Lecture 4- Venous Drainage and the Cerebrum Flashcards
How is blood drained from the brain?
-Fine veins in the brain
-Pial Venous plexuses (sitting in the pia mater)
-Cerebral veins
-Veins in the scalp lead into the Dural venous sinuses via emissary veins
-Internal Jugular vein
-Heart
What veins go from the exterior of the scalp to the Venus sinuses?
emissary veins
What are venous sinuses to put it simply? What are their function?
-Large veins
-They exist between the two Dural layers and therefore receive venous blood from both the brain and scalp. Also receive CSF from the subarachnoid space via the arachnoid granulations.

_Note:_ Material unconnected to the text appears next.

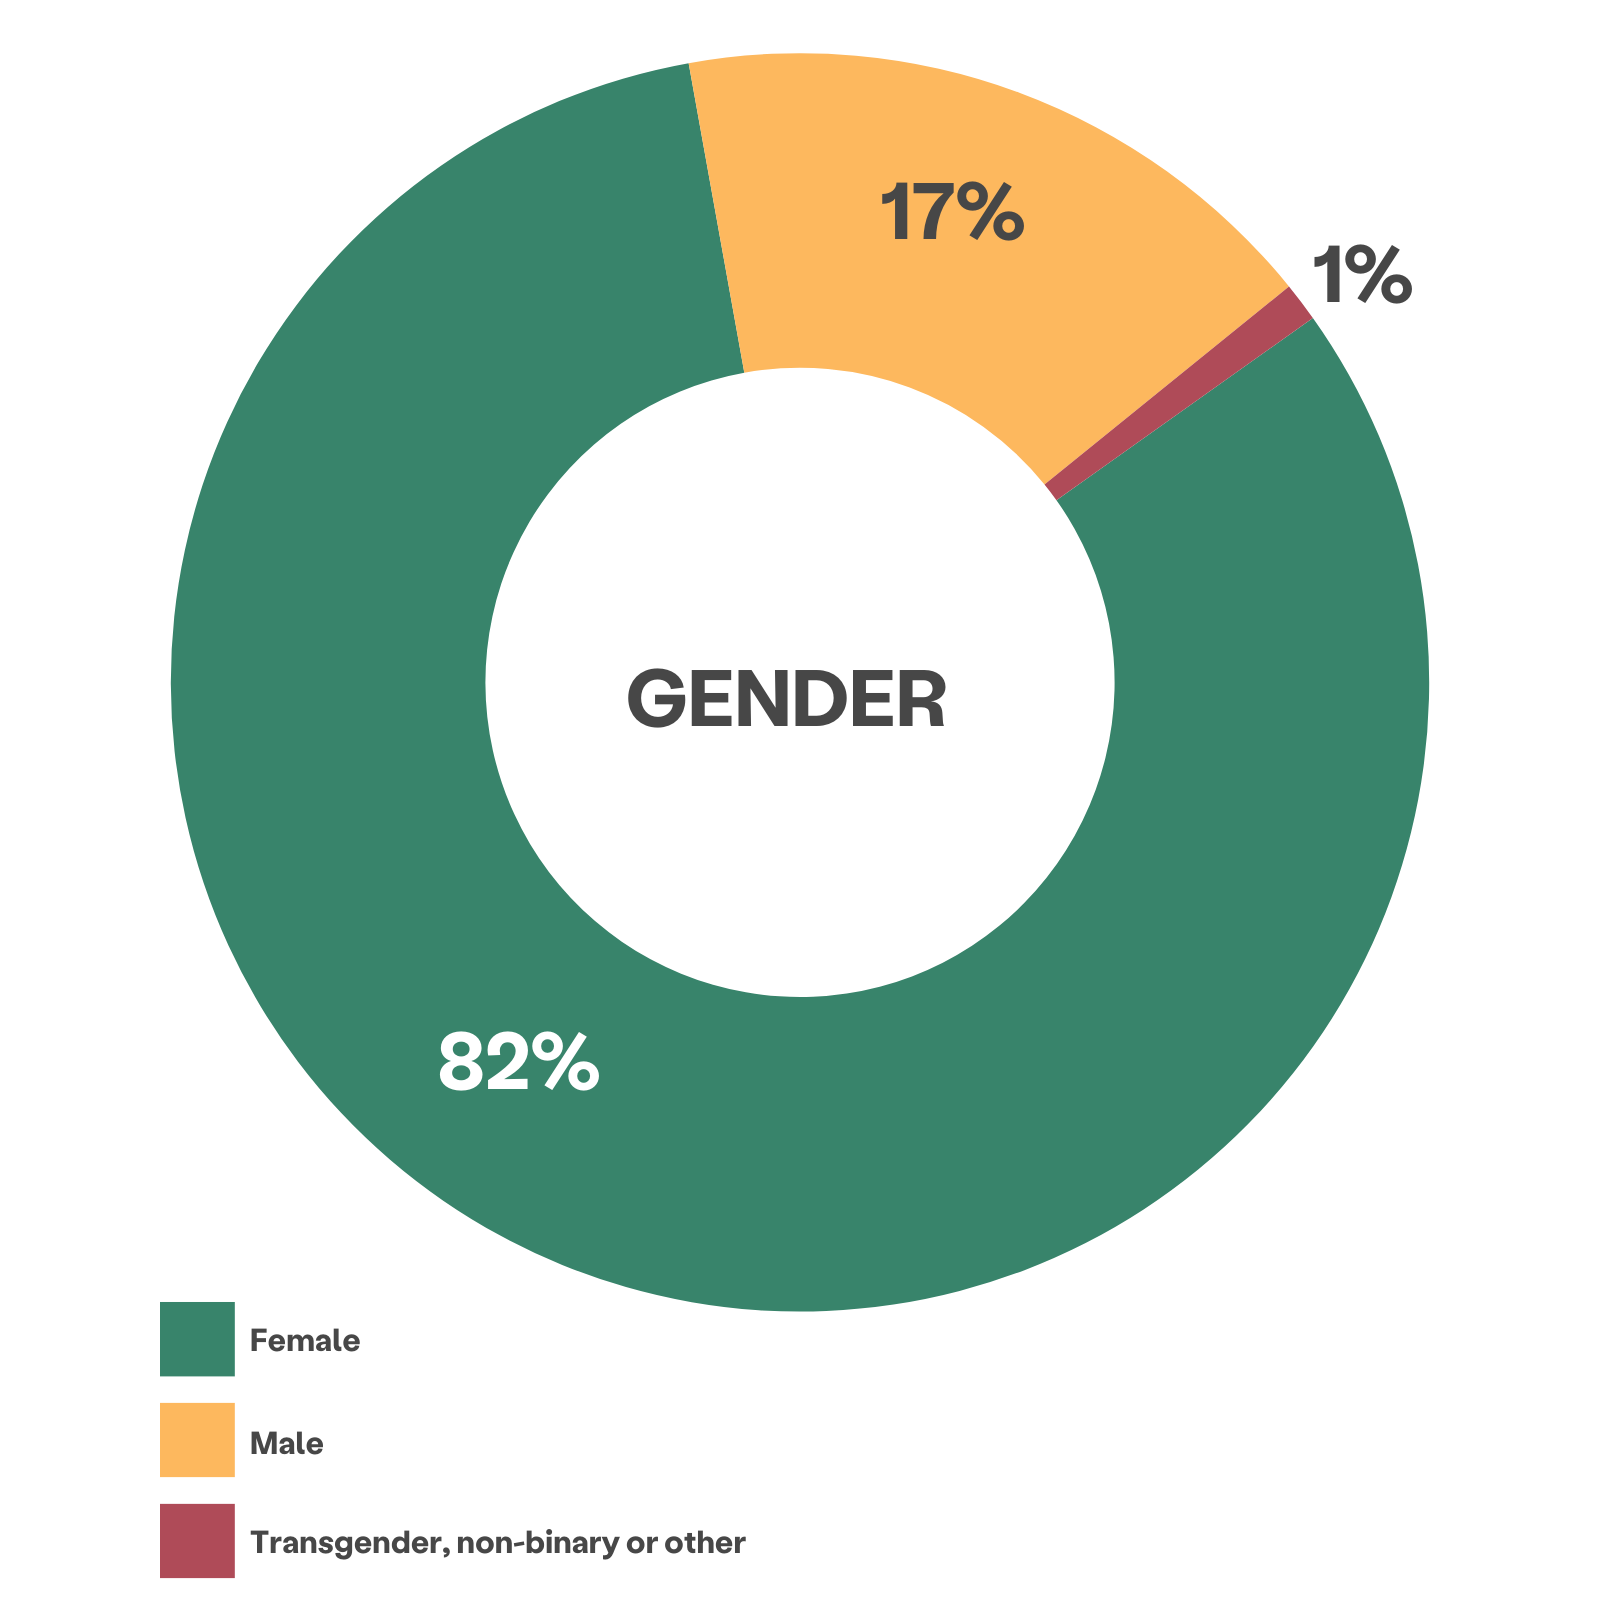 biểu đồ bánh xe nhiều màu hiển thị giới tính của khách hàng: 82% nữ, 17% nam, 1% chuyển giới, không nhị phân hoặc khác

What sinuses drains the superior and deep structures of the brain?
-Superior sagittal sinus
-Inferior sagittal sinus
-Straight sinus
-Transverse sinus
-Sigmoid sinus
Where does the superior sagittal sinus lie and what does it join into? Because of this positioning what is a major part of its function?
- Lies along the superior margin of the falx cerebri
- Joins the transverse sinus (right)
-Arachnoid villi drain the CSF into the superior
sagittal sinus
What does the inferior sagittal sinus lie along and what does it turn into?
-lies along the inferior margin of the falx cerebri
-joins straight sinus
What does the straight sinus lie within?
The tentorium cerebelli
What is the transverse sinus continuous with (both left and right)? What plane is it sitting in?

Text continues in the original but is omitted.